*Data block*:
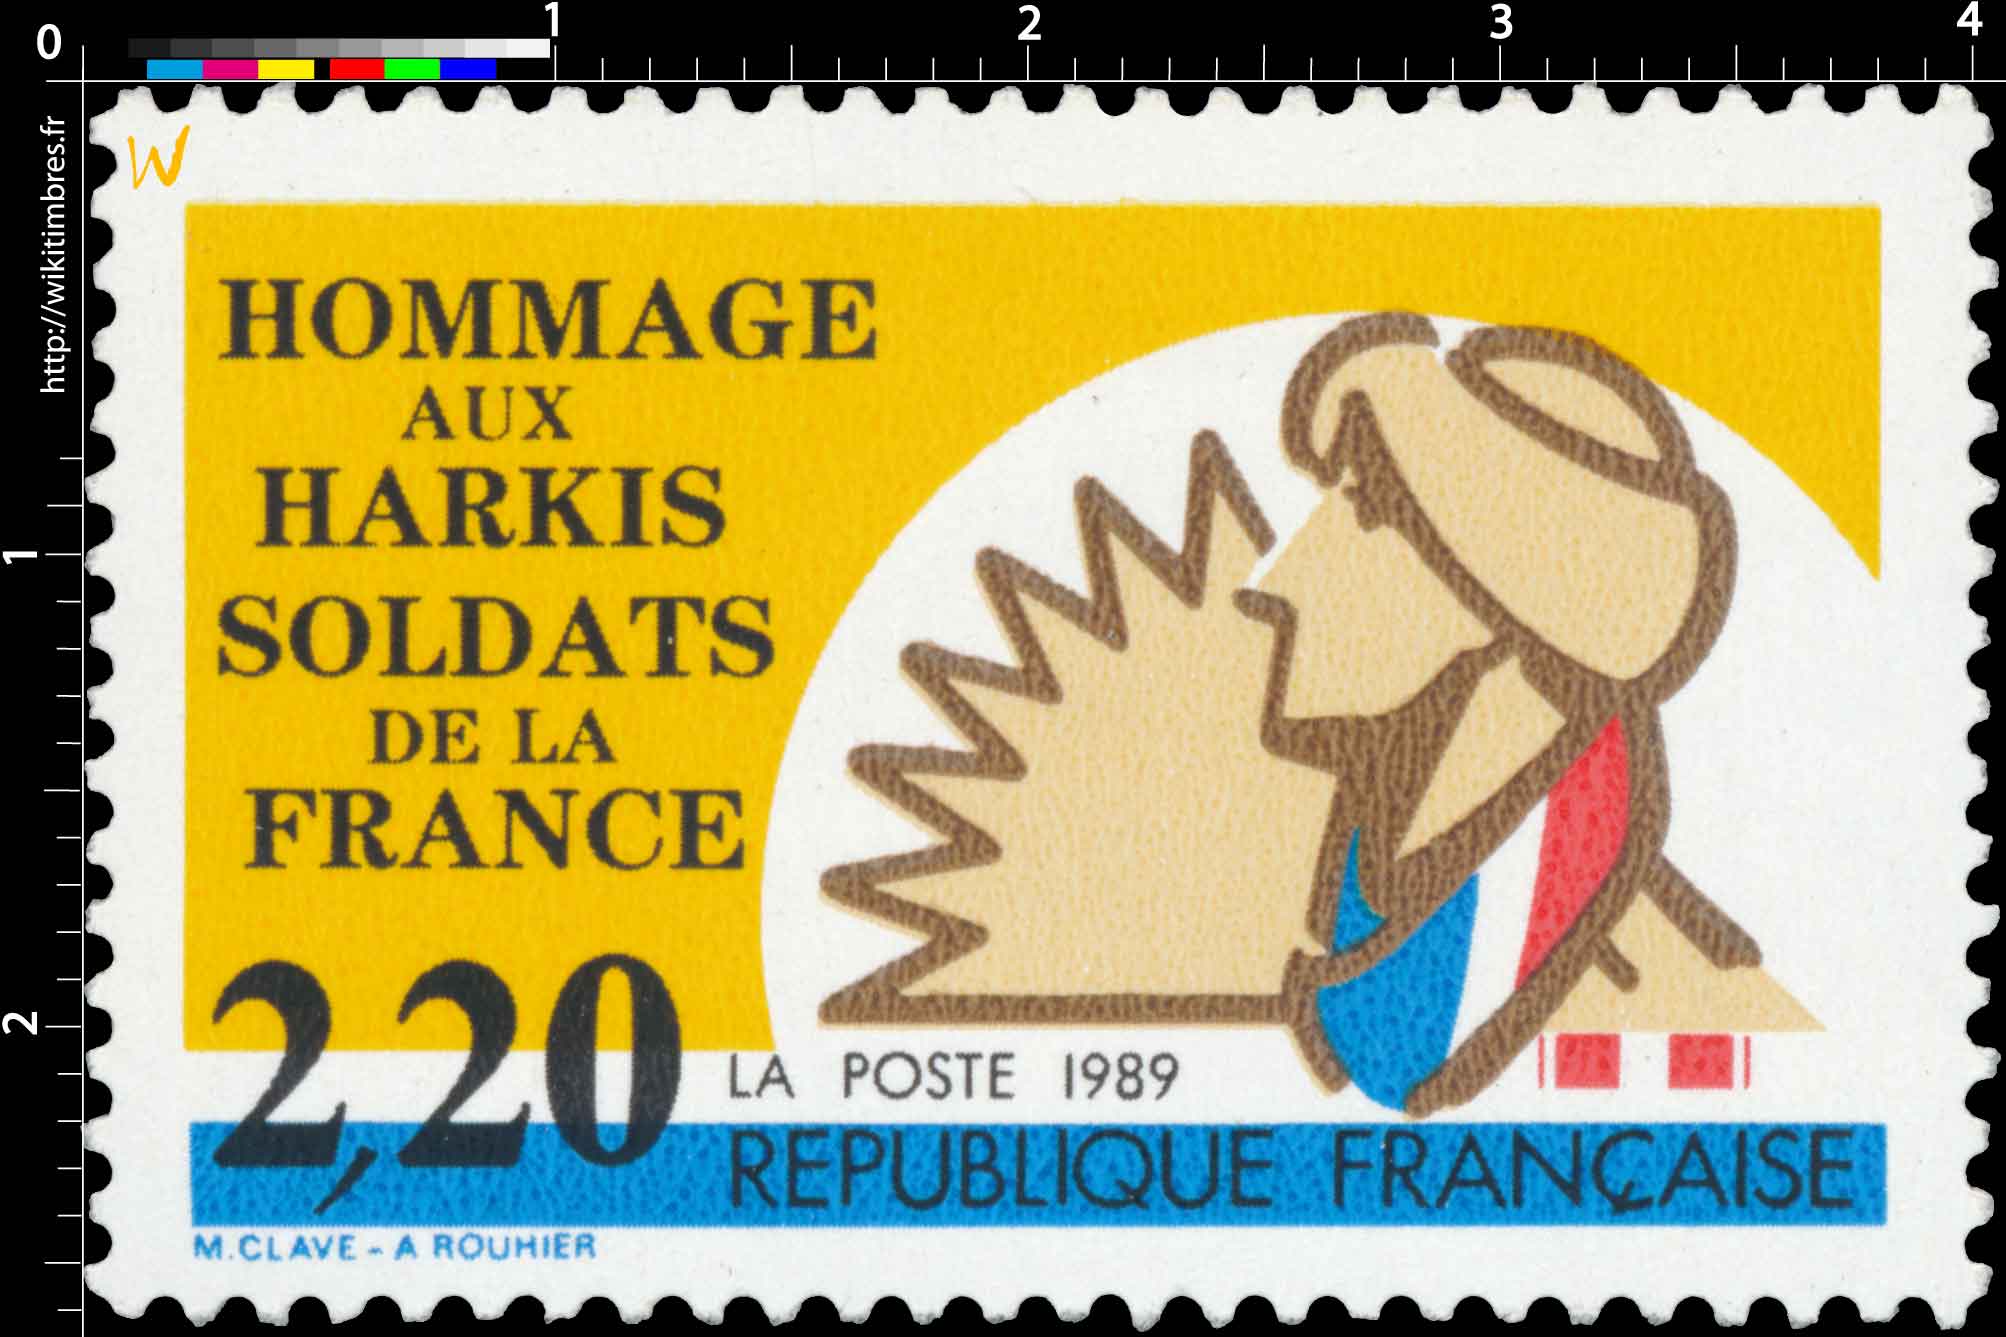 1989 HOMMAGE AUX HARKIS SOLDATS DE LA FRANCE
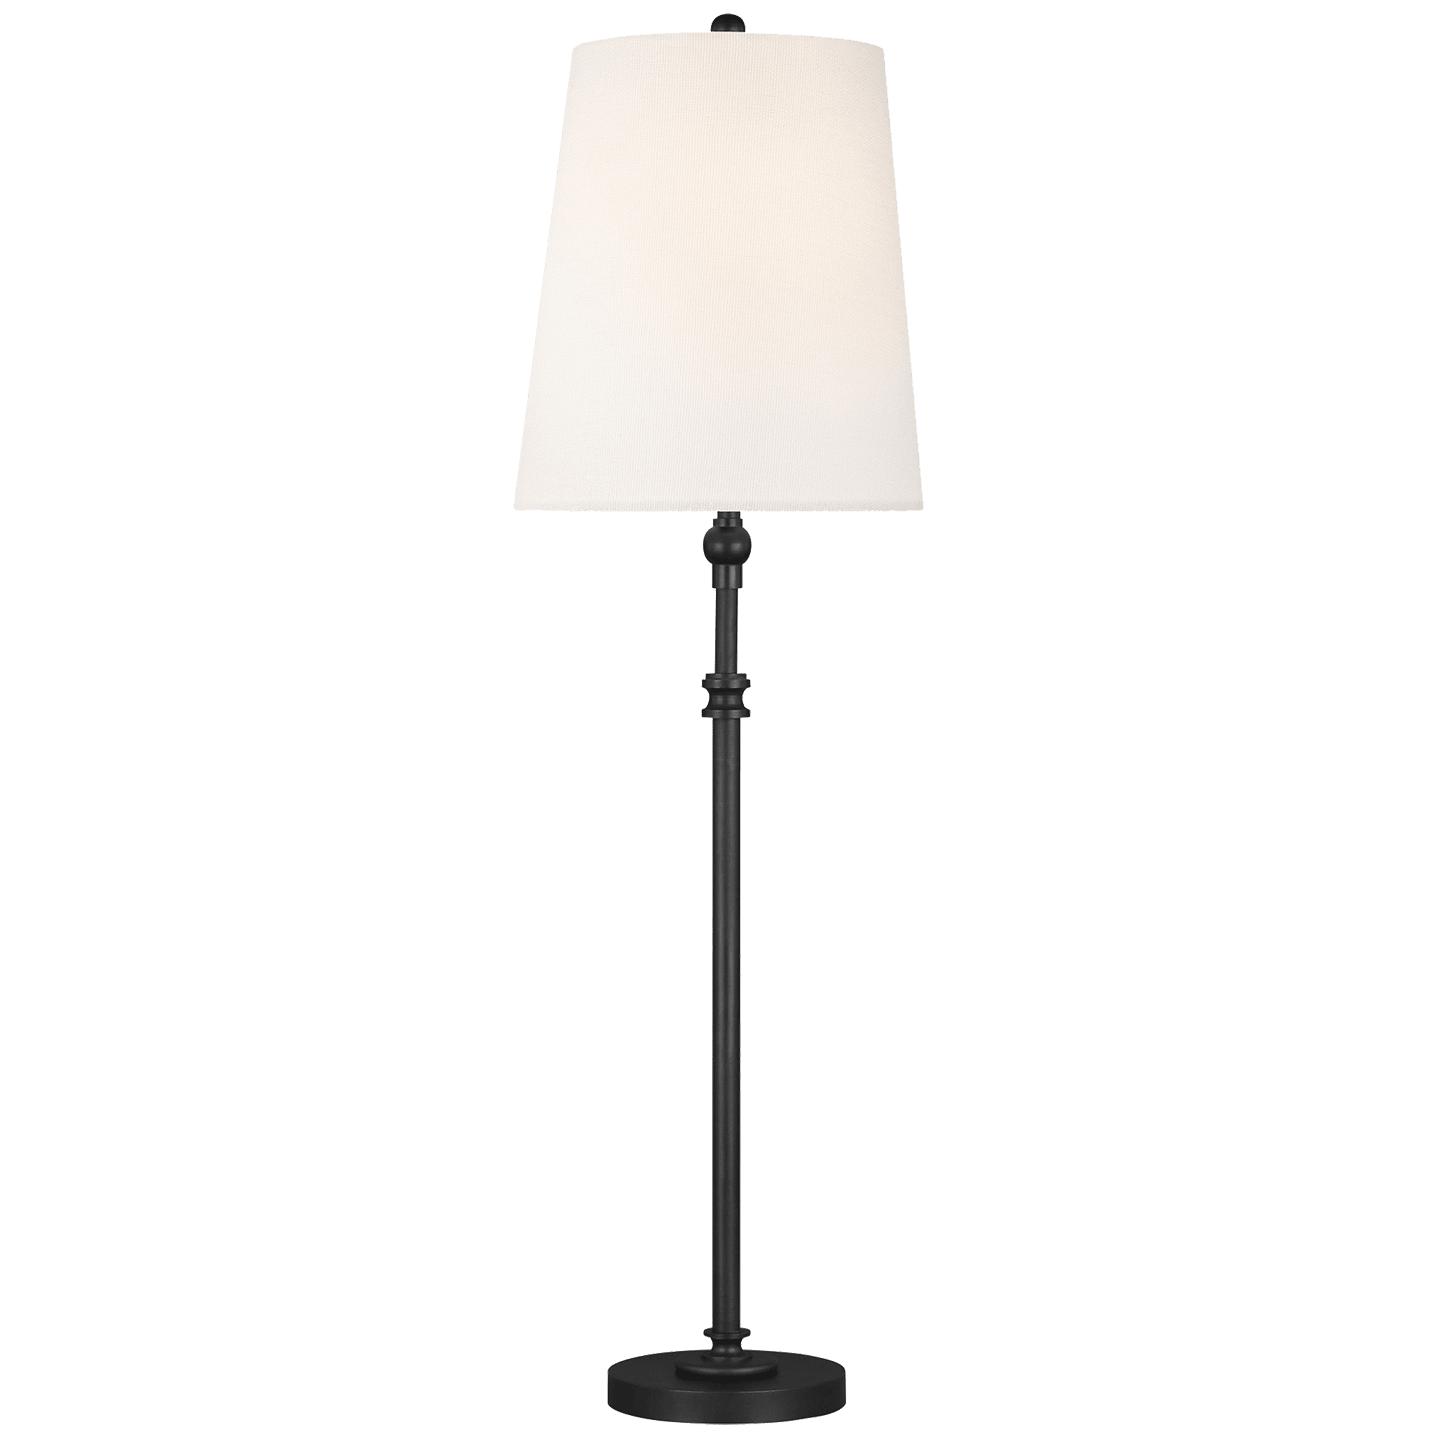 Купить Настольная лампа Capri Buffet Lamp в интернет-магазине roooms.ru
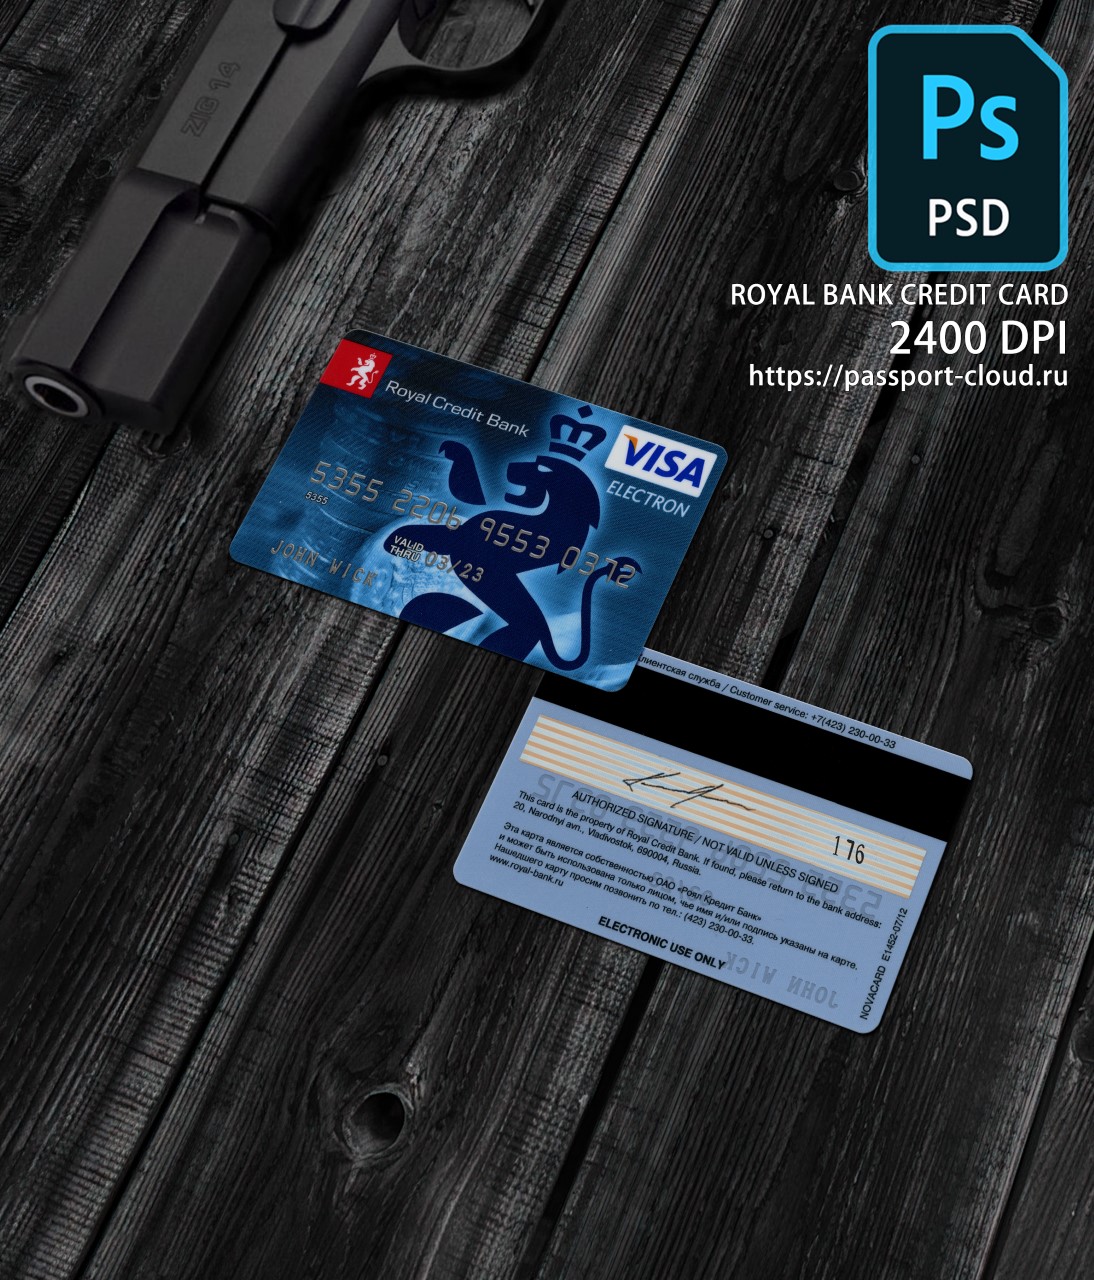 Royal Bank Credit Card PSD1

*Your assignment*: When you copy the data above, keep each line exact and omit the pictures.

*Solution to this problem*:
 1989 HOMMAGE AUX HARKIS SOLDATS DE LA FRANCE
 Купить Настольная лампа Capri Buffet Lamp в интернет-магазине roooms.ru
 Royal Bank Credit Card PSD1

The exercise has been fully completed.